Sadly, the Global South argument of racializing and orientalizing refugees rings true too. According to the 2018 Pew Research, only 12% of Czechs, 21% of Hungarians and 33% of Poles would be willing to accept a Muslim as a family member in contrast to 80% of Swedes and 66% of French. European Value Survey data also shows how anti-Muslim sentiment has grown since 2015. (There are higher levels of tolerance in the Western Balkans due to its own Muslim population). A Eurobarometer survey from 2019 showed that compared to Western Europe, EU member states in the east are, unfortunately, more racist. As some research suggests, “the most tolerant Eastern European country would be one of the more intolerant countries if compared to the Western European countries”. It is indeed hard to imagine the same enthusiasm to shelter Muslim refugees by the majority of the local populations.

It is clearly difficult to overgeneralize about the ‘eastern’ welcome of refugees as there is a great variation across eastern Europe.
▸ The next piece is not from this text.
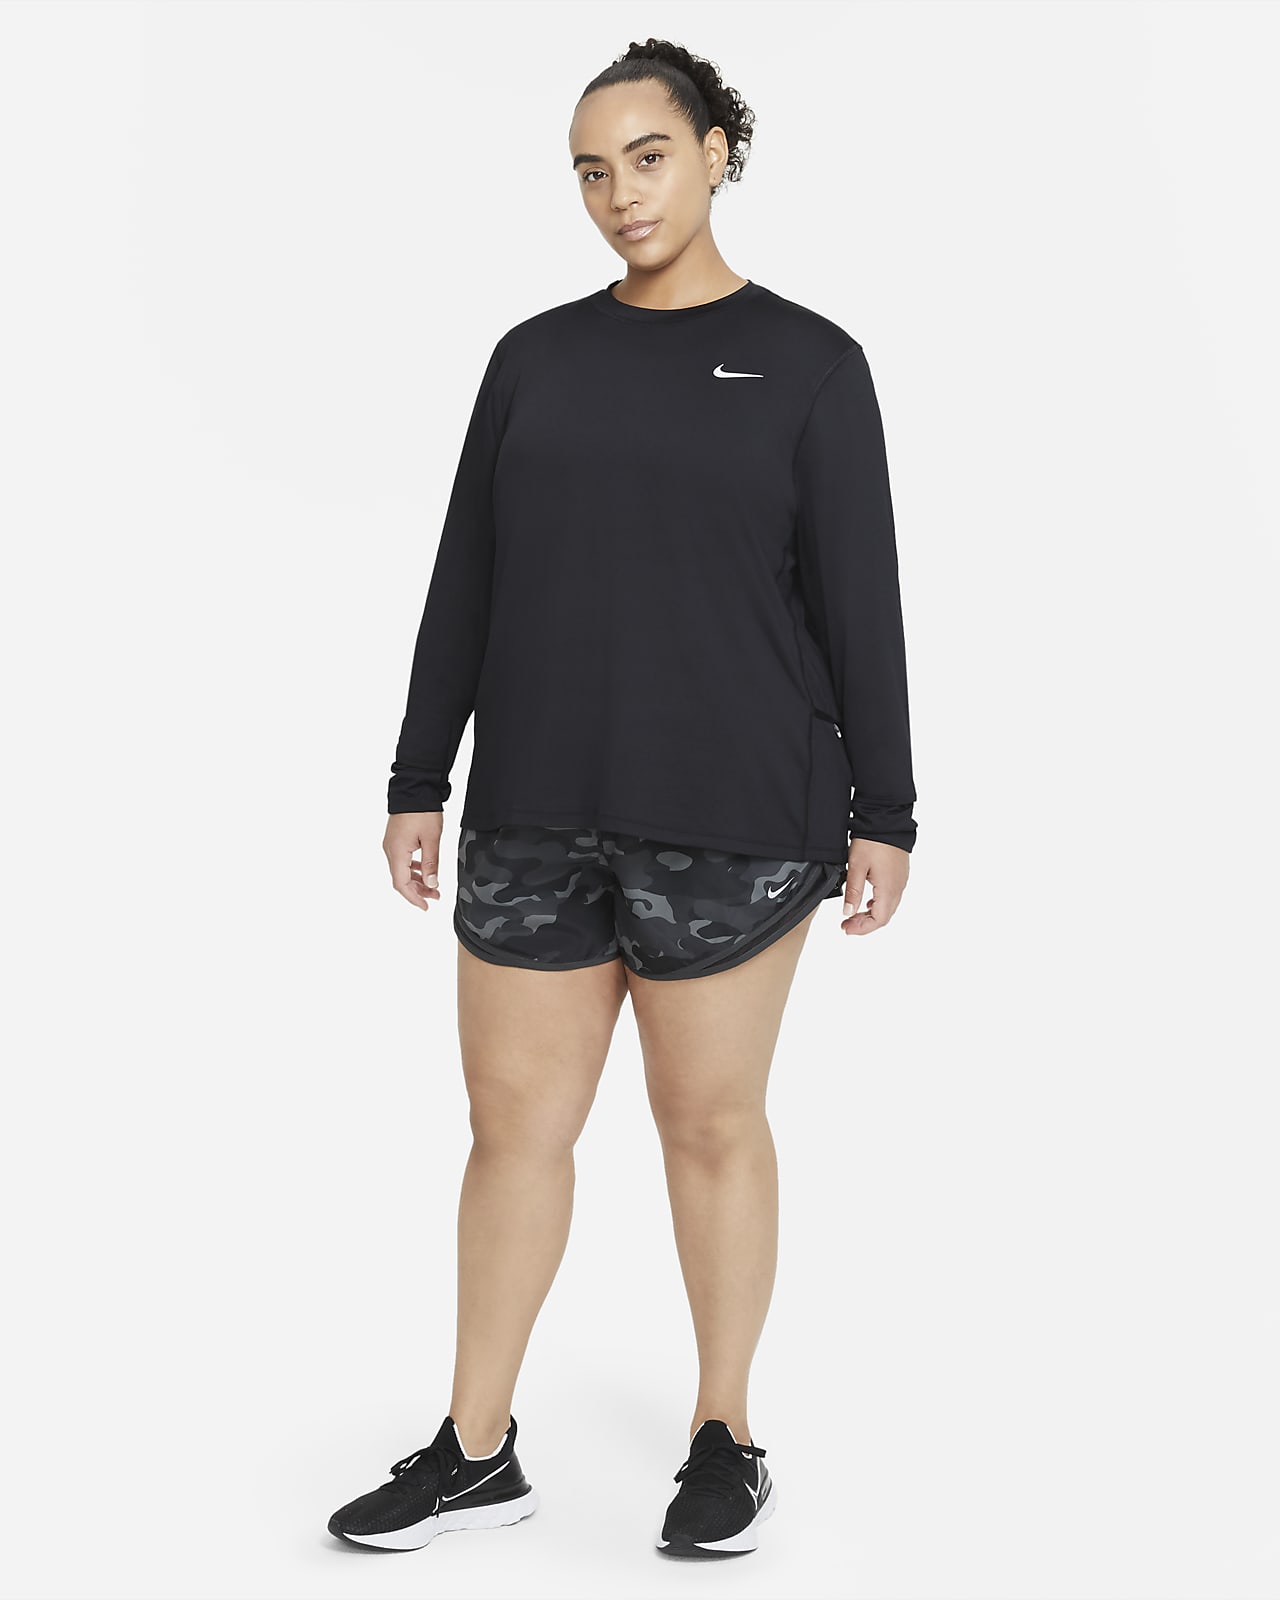 Nike Dri Fit Tempo Womens Printed Running Shorts Plus Size

However, there are some common empathy mobilizers, and a dehumanizer in the case of orientalizing refugees, that need to be set in the wider historical context. The general sense of familiarity, déjà vu, and premonition that Ukraine may be just the beginning of something much larger holds more weight in explaining the opening of homes and hearts than arguments about a ‘European’ war and white refugees. Having said that, othering non-white and non-Christian refugees has been rather common too. There has been fear of the unknown wars and refugees from countries that east Europeans perceive as remote and, unfortunately, learn close to nothing about. But this time around, fear has mobilized in a different way. There is a palpable sense of fear of the Kremlin across most of the region based on some historical and personal experiences and empathy with those fleeing a naked invasion. The recent U-turn in refugee welcome must be applauded and perceived as a regional response to a menacing threat even if we cannot lose sight of the underlying racial and orientalizing undertones of the refugee empathy mobilization across the region.